### Task description
Copy every line from the one that holds "Gastrointestinal Stromal Tumor" to the end of the records below, exactly and with nothing else, but without any pictures.

(Data entries)
'''

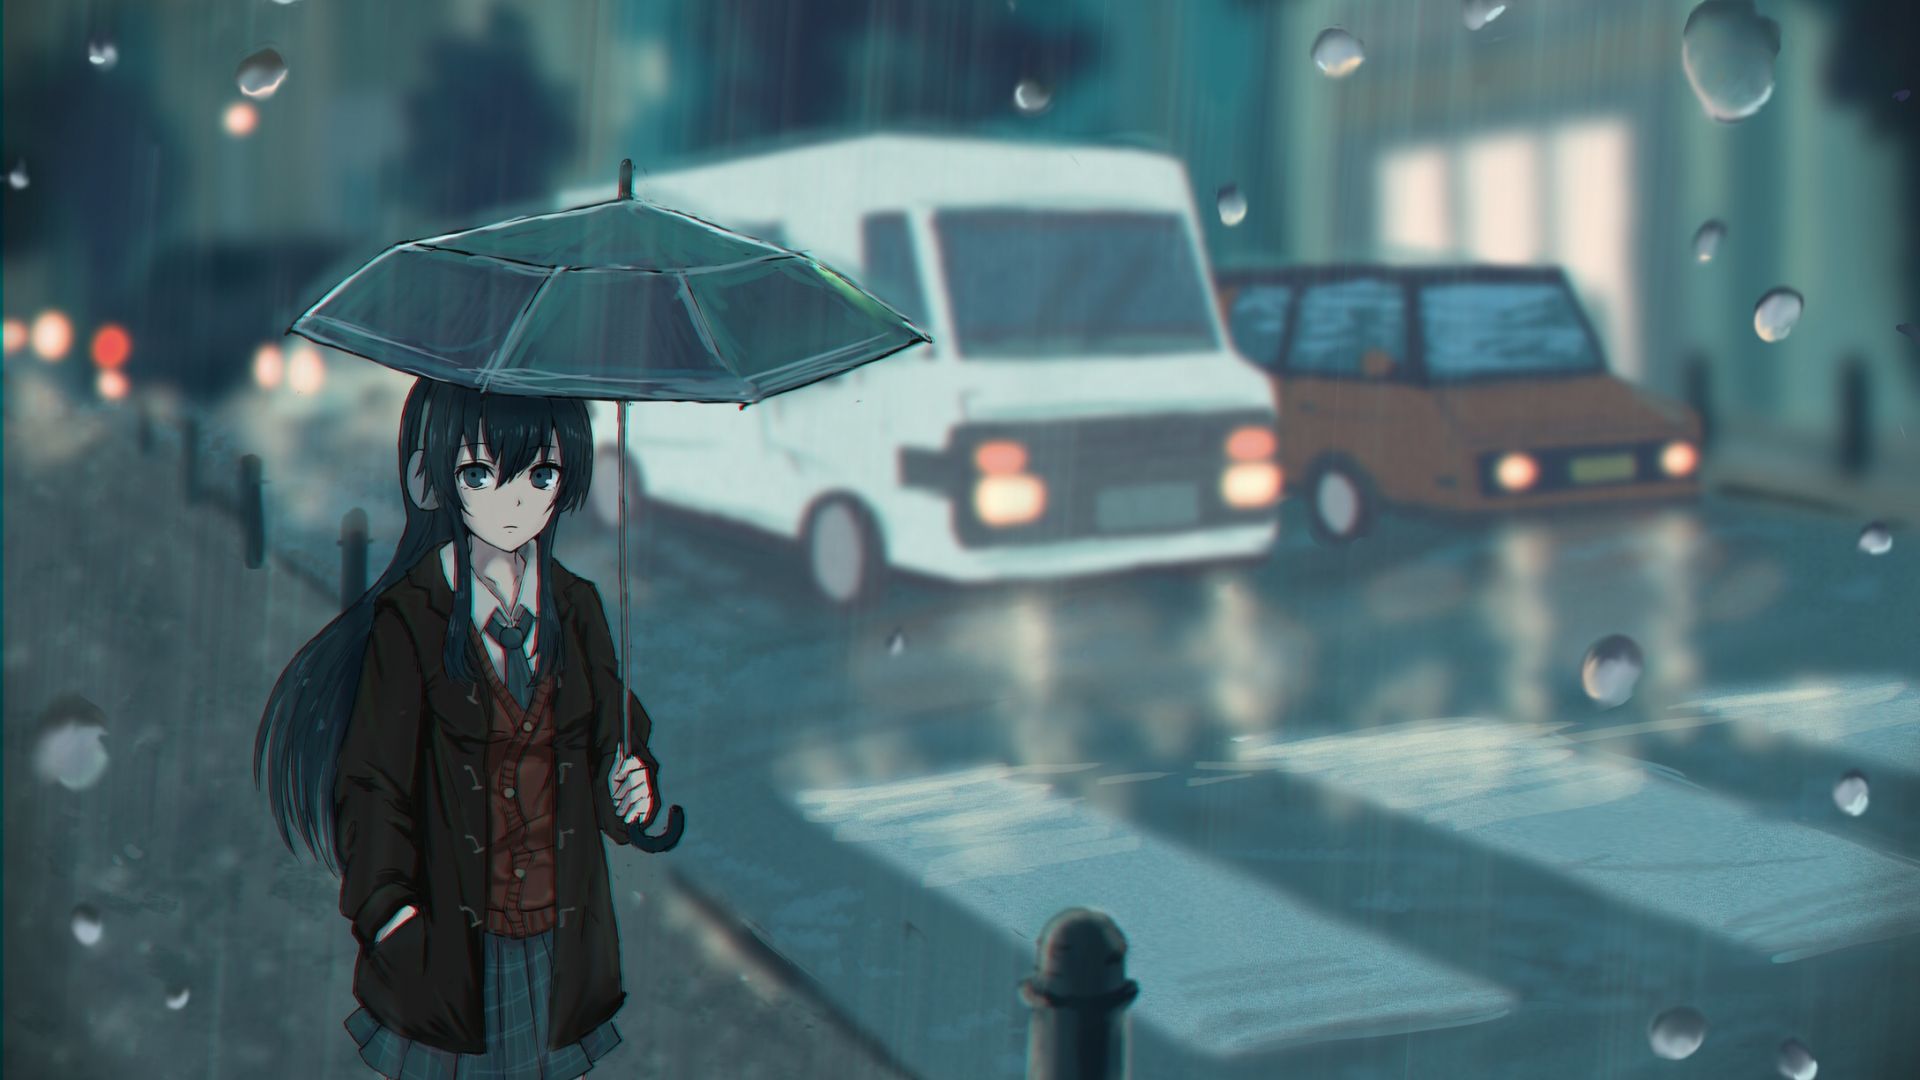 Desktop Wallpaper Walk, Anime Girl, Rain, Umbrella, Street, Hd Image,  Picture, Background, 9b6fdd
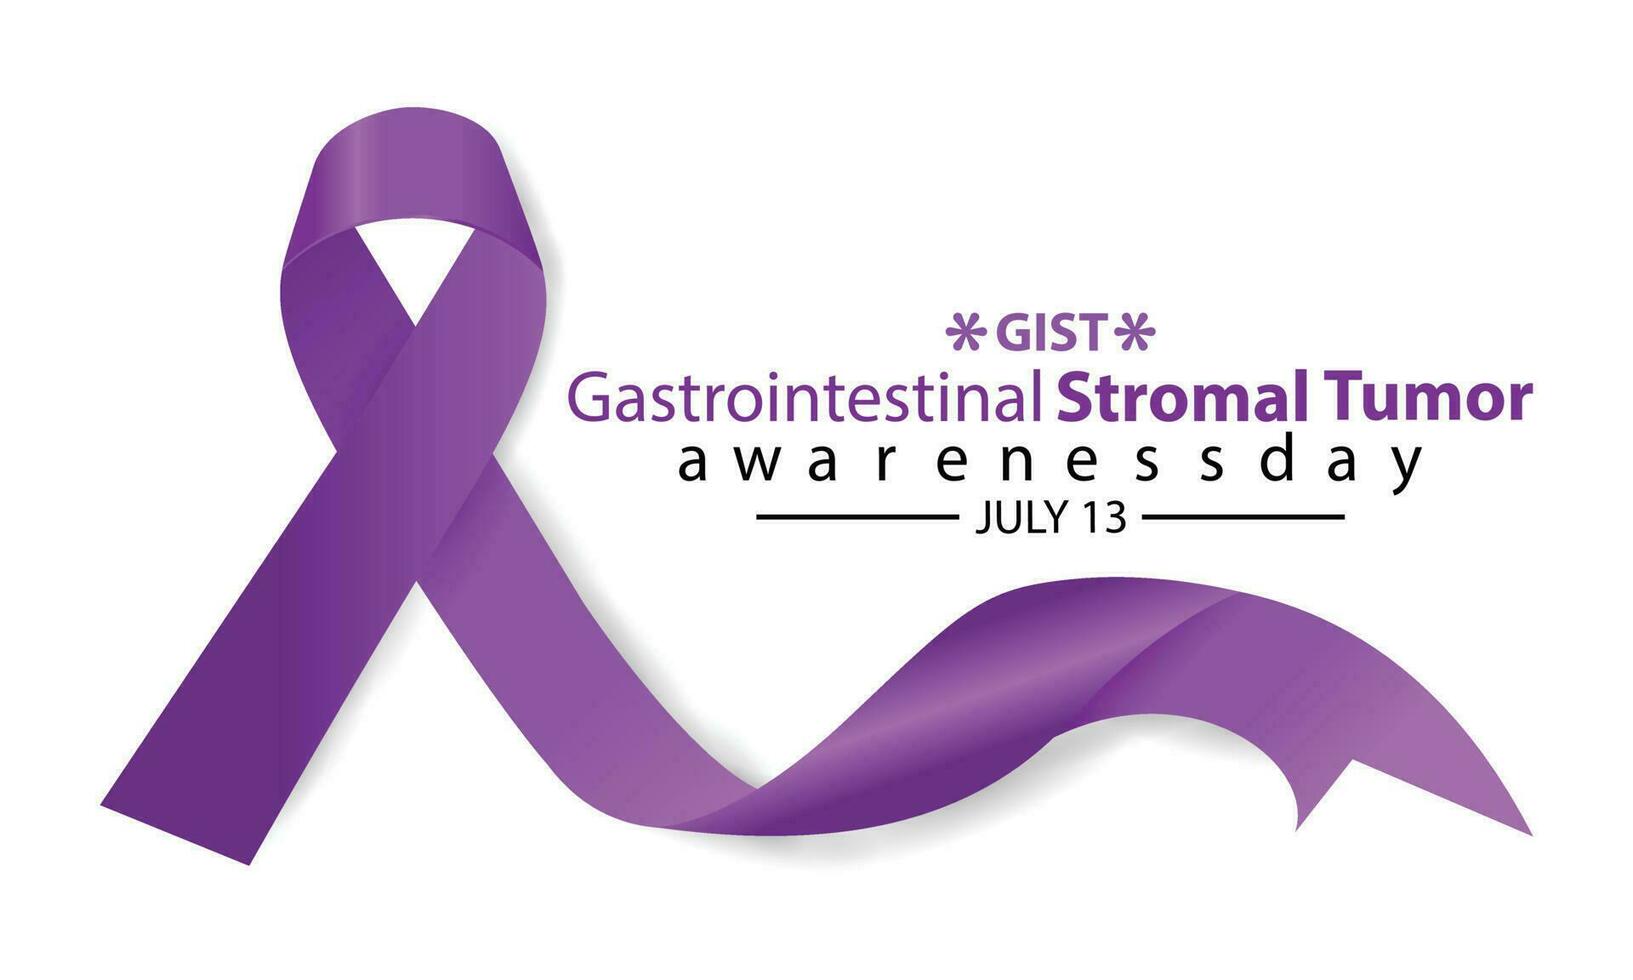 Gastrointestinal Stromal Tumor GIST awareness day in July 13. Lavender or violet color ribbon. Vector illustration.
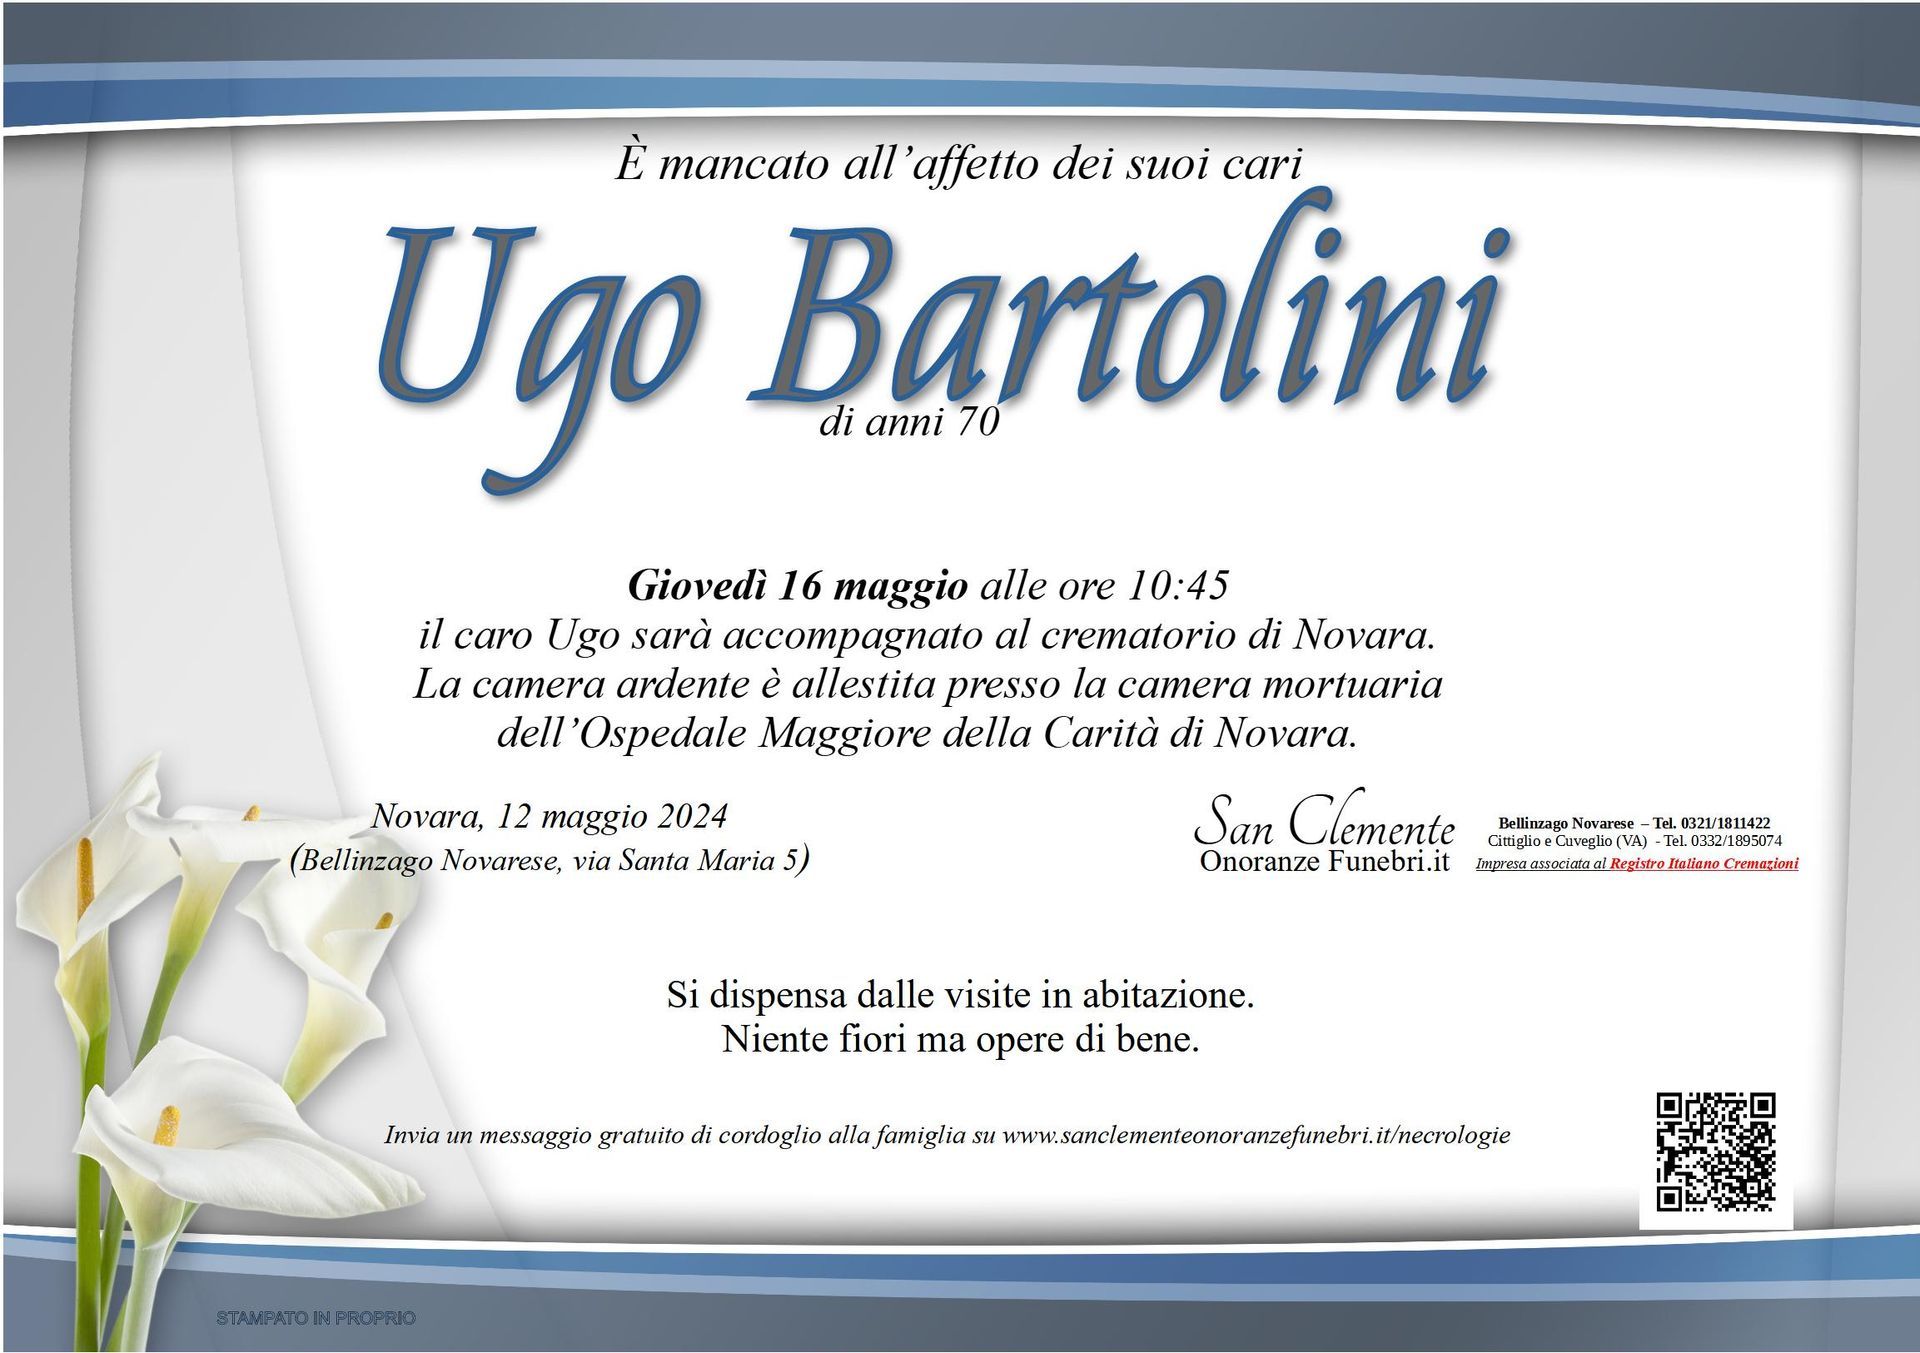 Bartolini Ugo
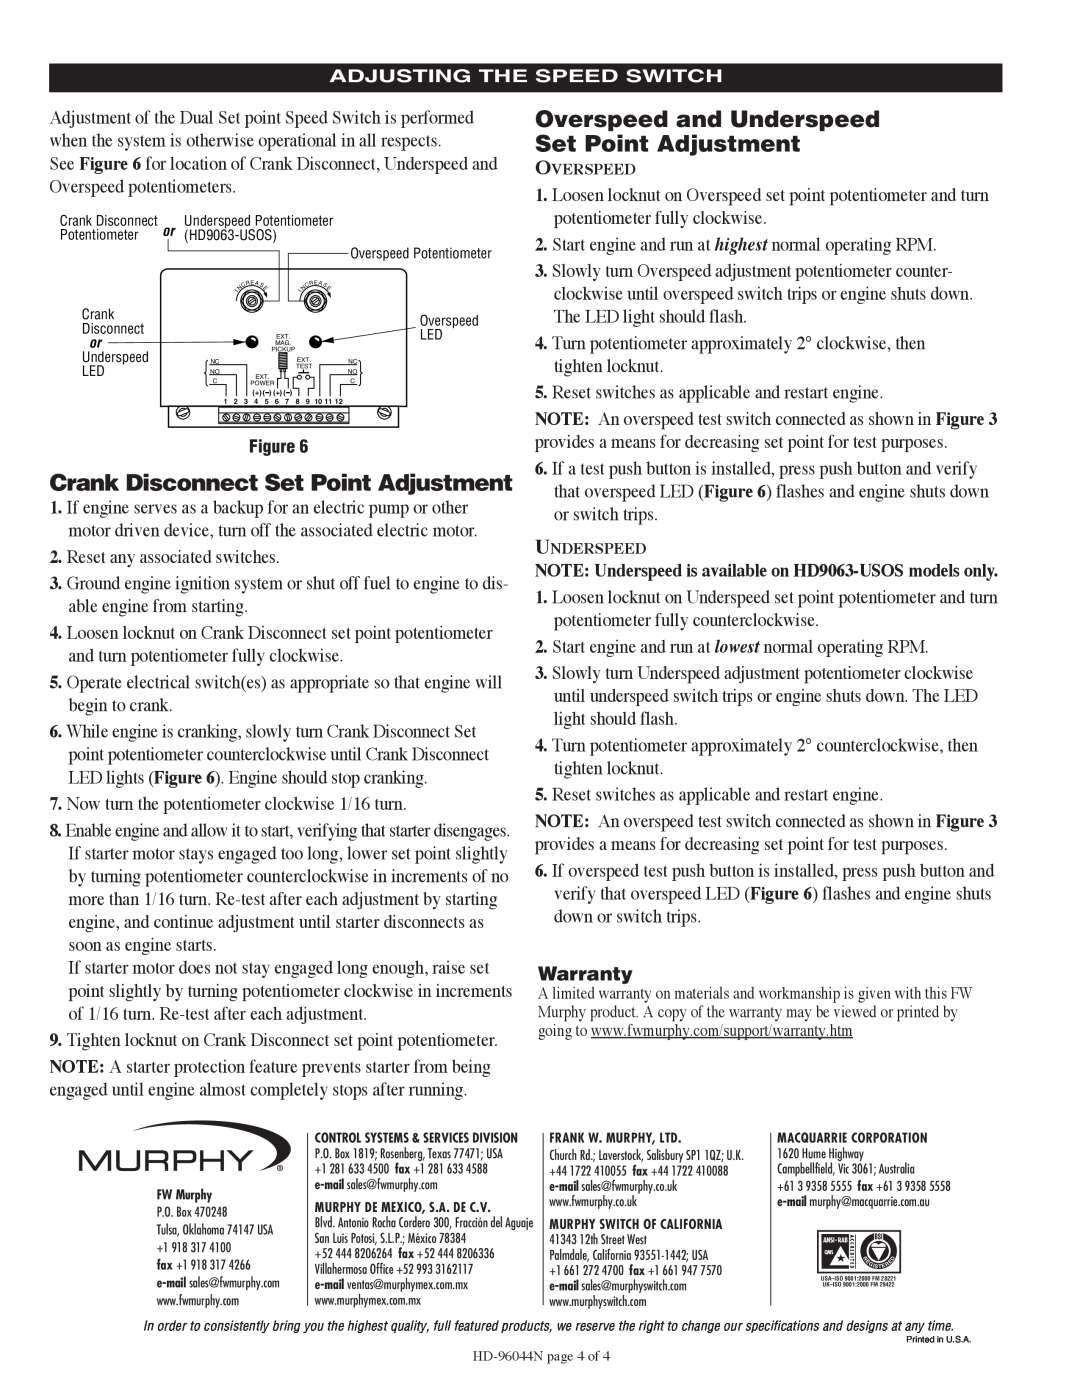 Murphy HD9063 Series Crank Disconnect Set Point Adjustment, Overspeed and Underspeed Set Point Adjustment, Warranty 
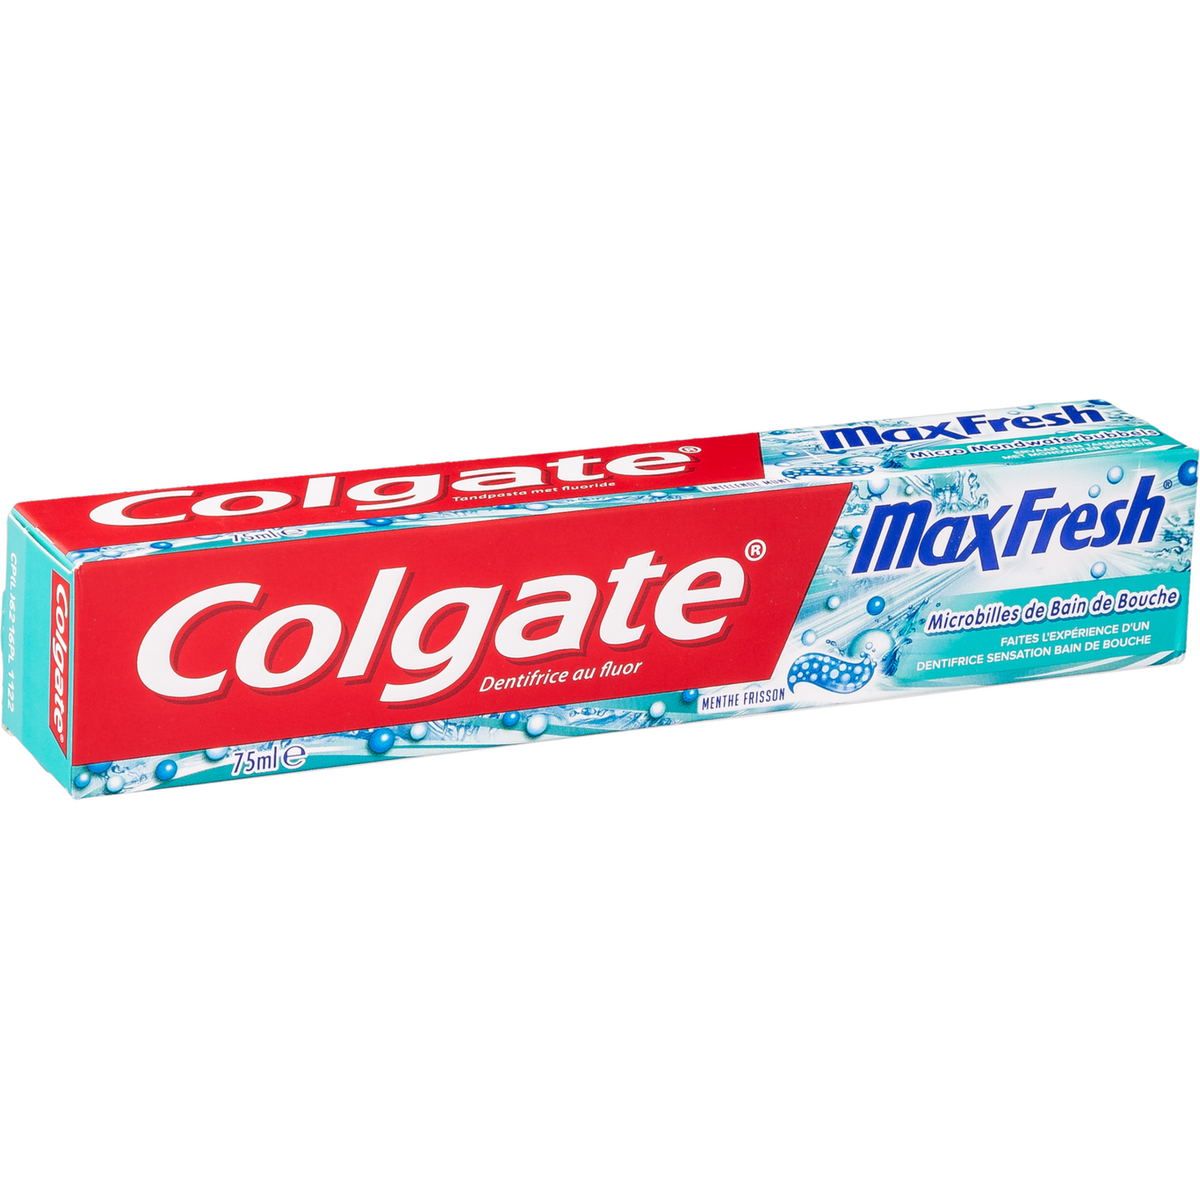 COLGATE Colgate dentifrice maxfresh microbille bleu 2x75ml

'''

### Response to the task
 Gastrointestinal Stromal Tumor GIST awareness day in July 13. Lavender or violet color ribbon. Vector illustration.
 Bartolini Ugo
 Murphy HD9063 Series Crank Disconnect Set Point Adjustment, Overspeed and Underspeed Set Point Adjustment, Warranty 
 COLGATE Colgate dentifrice maxfresh microbille bleu 2x75ml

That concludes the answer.